How to Get the most for your Money with Signal Conditioning

Signal Conditioning – Getting the most for your money

This article reviews signal conditioning equipment features such as accuracy, adjustability, isolation, surge withstand capability, RFI/EMI protection, packaging, and repairability. Where possible, it also examines the relative importance of various features.

Accuracy, Linearity, and Repeatability

Accuracy, linearity, and repeatability specifications are described in many different ways. Accuracy specifications should include the combined effects of repeatability, hysteresis, terminal point linearity, and adjustment resolution.

Adjustability (zero/span)

Conditioners with adjustability can compensate for signal differences, and the ability to do so is usually worth the extra cost (typically $100). Adjustability can be accomplished in hardware or software. Some applications have no software so it must be available in hardware.

Isolation

Isolation in a signal conditioner means not having a direct electrical connection (or low impedance path) between two or more points (or circuits). The two primary components used in signal conditioners to provide isolation are transformers and optical couplers.

Surge withstand capability

Surge withstand capability (SWC) – which is the ability of a signal conditioner to reject high voltage and frequency electrical interference – should be considered where ever signal conditioners are to be located

RFI/EMI

The increasing need for reliable communications in factories and plants means that more and more industrial electronic equipment may require built-in radio frequency interference (RFI) immunity.

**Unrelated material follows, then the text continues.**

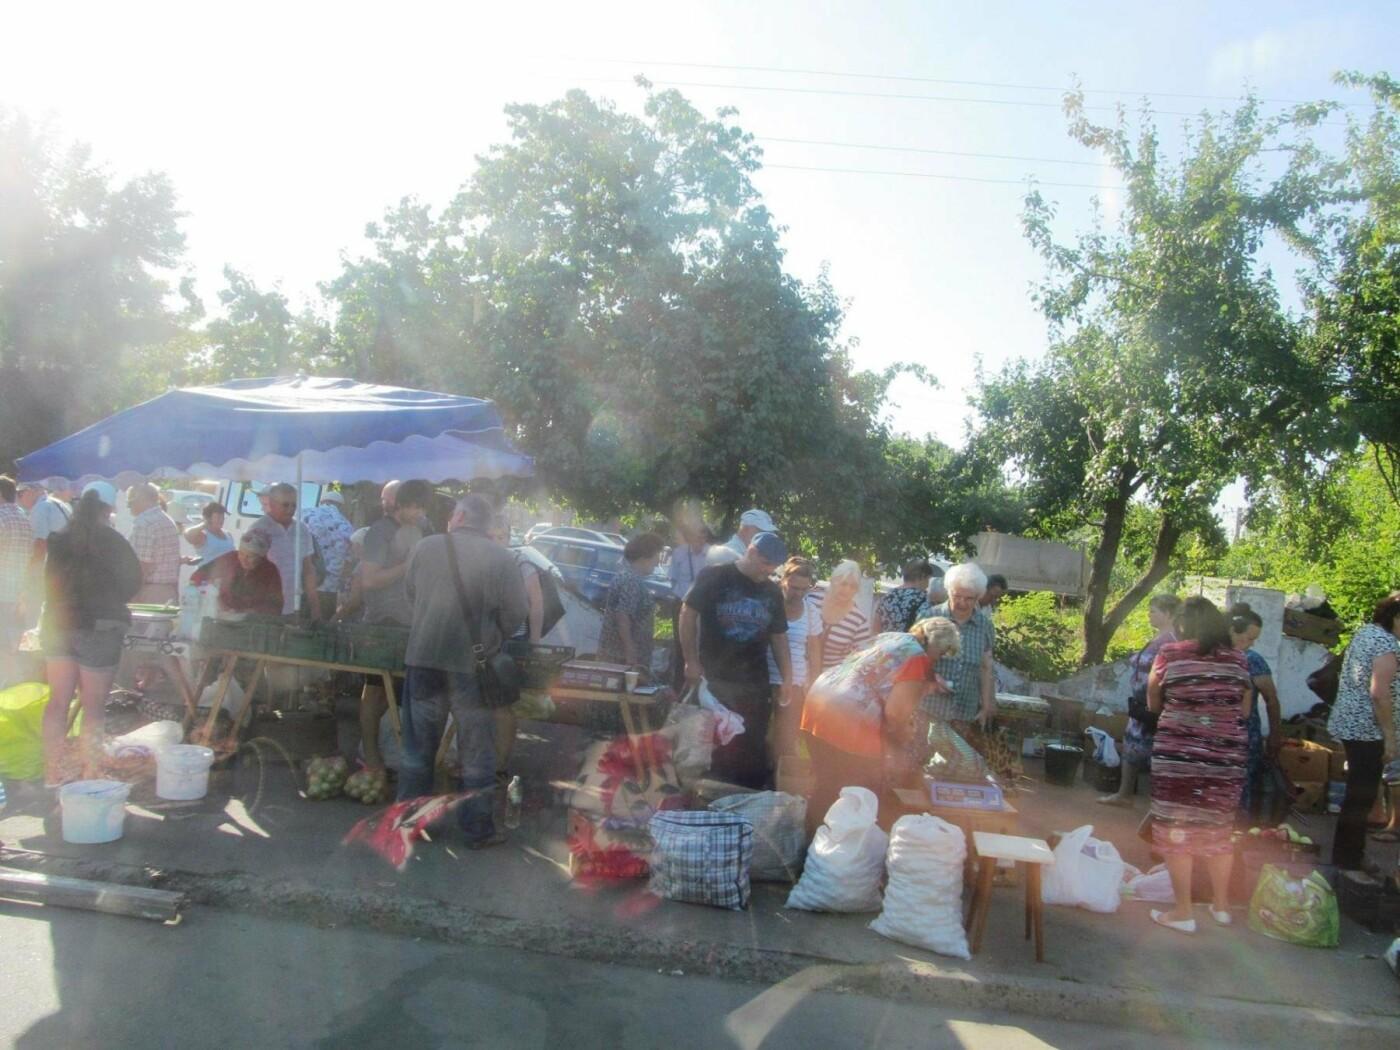 Базар-вокзал в Кривом Роге: Горожане предложили упорядочить стихийный рынок на Долгинцево, - ФОТО, фото-5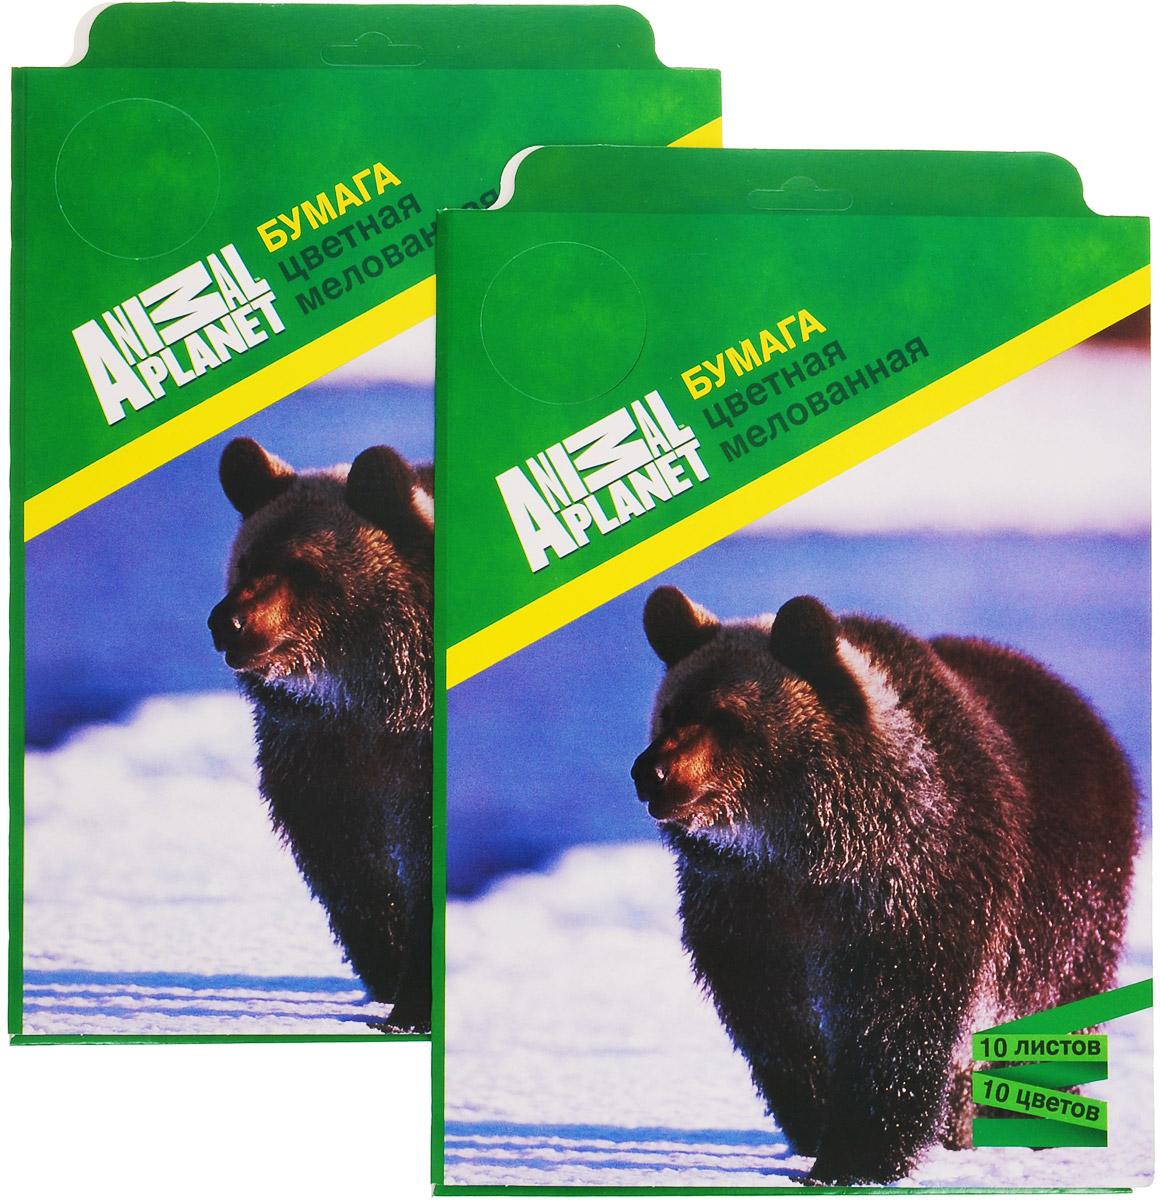 Набор цветной бумаги Action! Animal Planet, мелованная, 10 листов, 2 шт72523WDНабор цветной бумаги Action! Animal Planet позволит вашему ребенку создавать всевозможные аппликации и поделки. Набор содержит 10 листов цветной бумаги формата А4. Листы упакованы в оригинальную картонную папку, оформленную в тематике Animal Planet.Создание поделок из картона и бумаги поможет ребенку в развитии творческих способностей, кроме того, это увлекательный досуг.В комплекте 2 набора по 10 листов.Рекомендуемый возраст от 6 лет.Уважаемые клиенты! Обращаем ваше внимание на то, что упаковка может иметь несколько видов дизайна. Поставка осуществляется в зависимости от наличия на складе.

At the same time, this equipment’s susceptibility to the electromagnetic interference (EMI) effects of inductive load switching relays and noise induced by heavy operating equipment (Fig. 4) must also be considered.

Packaging

Signal conditioners come in a variety of packages including DIN rail, hockey-puck enclosures, general purpose NEMA 1 type enclosures, NEMA 4/12, and 19 in. rack-mountable card cage systems.

Repairability

Knowing how devices are manufactured will help you determine their repairability.